Sunday, April 30, 2006

Finally, a reason to watch C-SPAN

The White House Correspondents' Association's annual dinner is usually a hoot, but press reports make Saturday's edition sound even better than normal.

First came the dual President Bushes, with the fake one speaking perfect English and the real one lampooning his frequent malapropisms, including a promise to promote his policies "globally and around the world, as well as internationally."

Then came comedian Stephen Colbert's tongue-in-cheek tribute to the Bush administration, including advice for the Beltway press: "Let's review the rules. Here's how it works. The president makes decisions; he's the decider. The press secretary announces those decisions, and you people of the press type those decisions down. Make, announce, type. Put them through a spell check and go home. Get to know your family again. Make love to your wife. Write that novel you got kicking around in your head. You know, the one about the intrepid Washington reporter with the courage to stand up to the administration. You know -- fiction."

I must see this.


Anonymous Poser said...

9:04 AM  
Blogger Susan of LocalTint said...

CNN was more than happy to replay Bush and his look-alike over and over, trying to plant in the public mind the idea that he's a likeable guy who can laugh at himself. Toward the end they threw in "Stephen Colbert of Comedy Central also took to the podium for some remarks." End of story. No footage of Colbert (or of Bush "quickly turning unhappy"). Cowards.

10:39 AM  
Blogger Kathy said...

I'm on dial-up right now, but I'll be treating myself to these videos as soon as I get home.

11:19 AM  
Blogger Alabamian said...

Susan, you're right that the TV news has had a dearth of Colbert coverage. I think news judgment and short segment times explain a lot of it; the producers probably only allocated a minute or two at most to coverage of the correspondents' dinner and decided it was more newsworthy to report that Bush mocked himself than that someone else mocked him. The former is much more "man-bites-dog" than the latter.

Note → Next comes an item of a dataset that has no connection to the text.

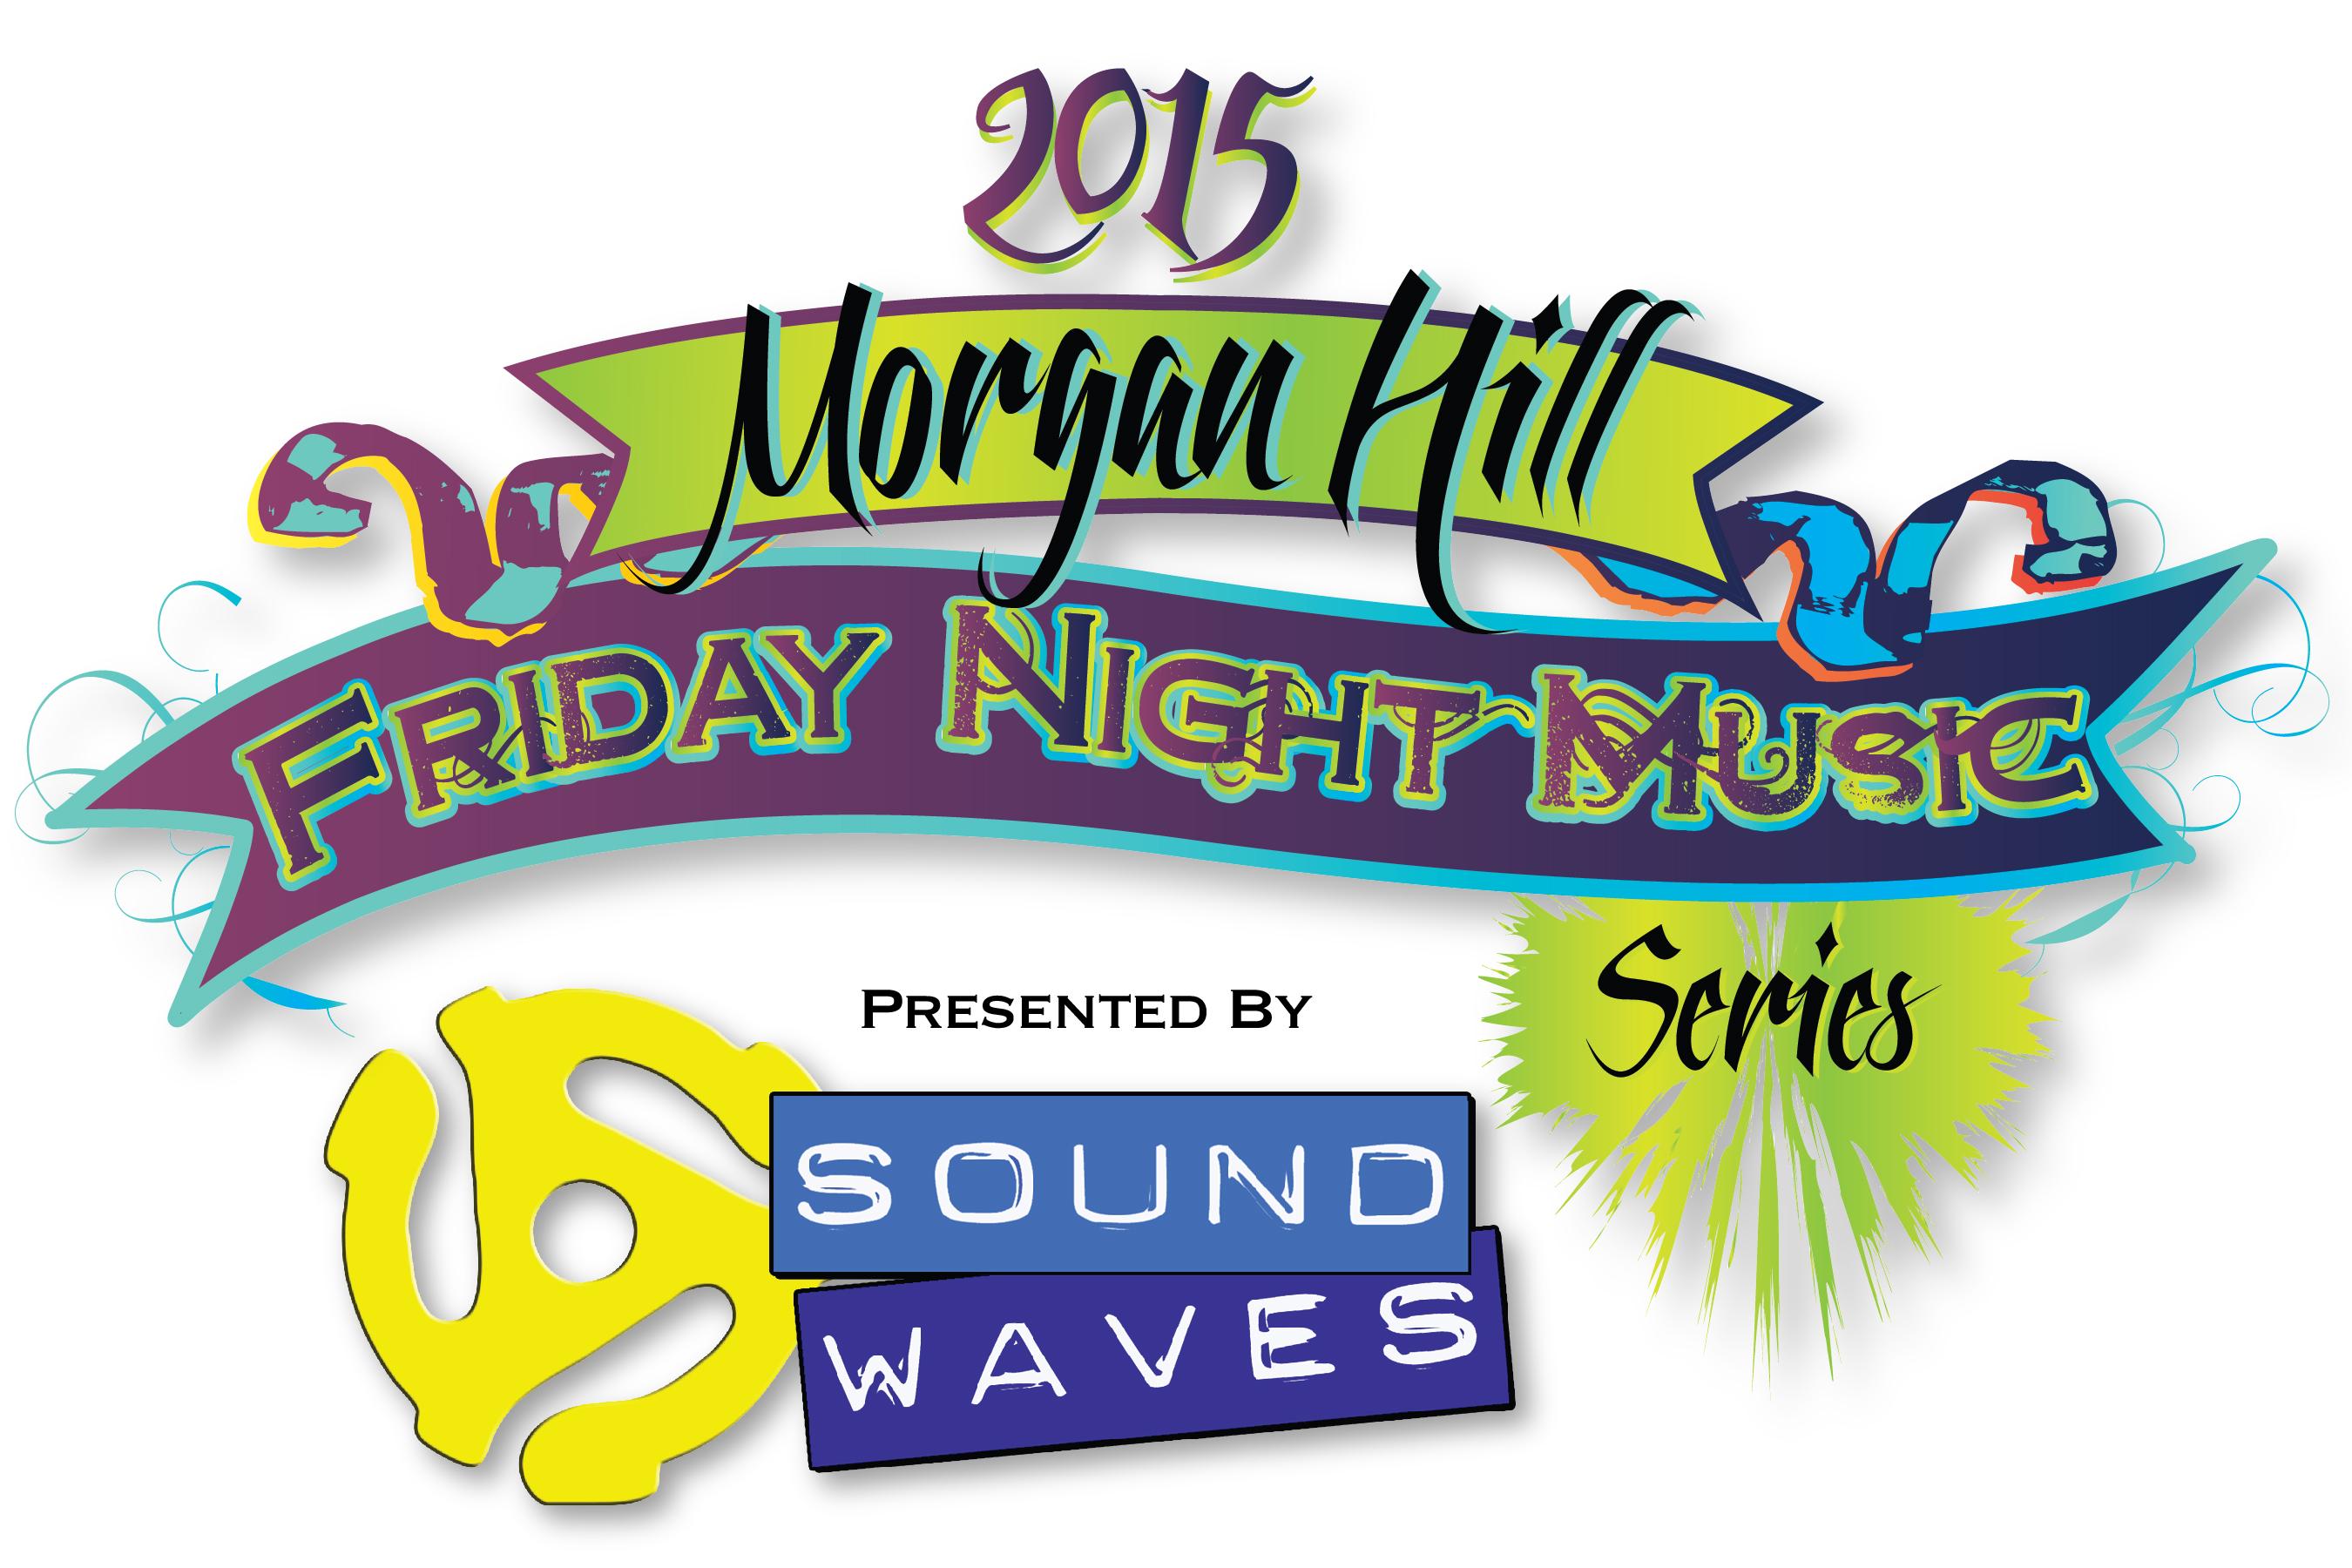 2015 Morgan Hill Friday Night Music Series

Time constraints aside, though, I think a lot of the Washington reporters were uneasy about the performance, both because it pulled absolutely no punches and because so many of those punches were directed at them.

After viewing the whole thing, I came away feeling that I just witnessed the second coming of a politically charged Andy Kaufman. The people in the room weren't laughing because they weren't supposed to be in on the joke; they were the joke. Colbert's intended audience wasn't the people sitting in front of him; it was himself and, to a lesser extent, the people sitting at home watching the whole spectacle unfold on television.

I have to hand it to Justice Antonin Scalia, though: The man knows how to take a joke.

6:15 AM  
Blogger Susan of LocalTint said...

"The people in the room weren't laughing because they weren't supposed to be in on the joke; they were the joke."

Exactly. Colbert (the character) had a great explanation for the deafening crickets on his show last night--something about them being awed by the truth.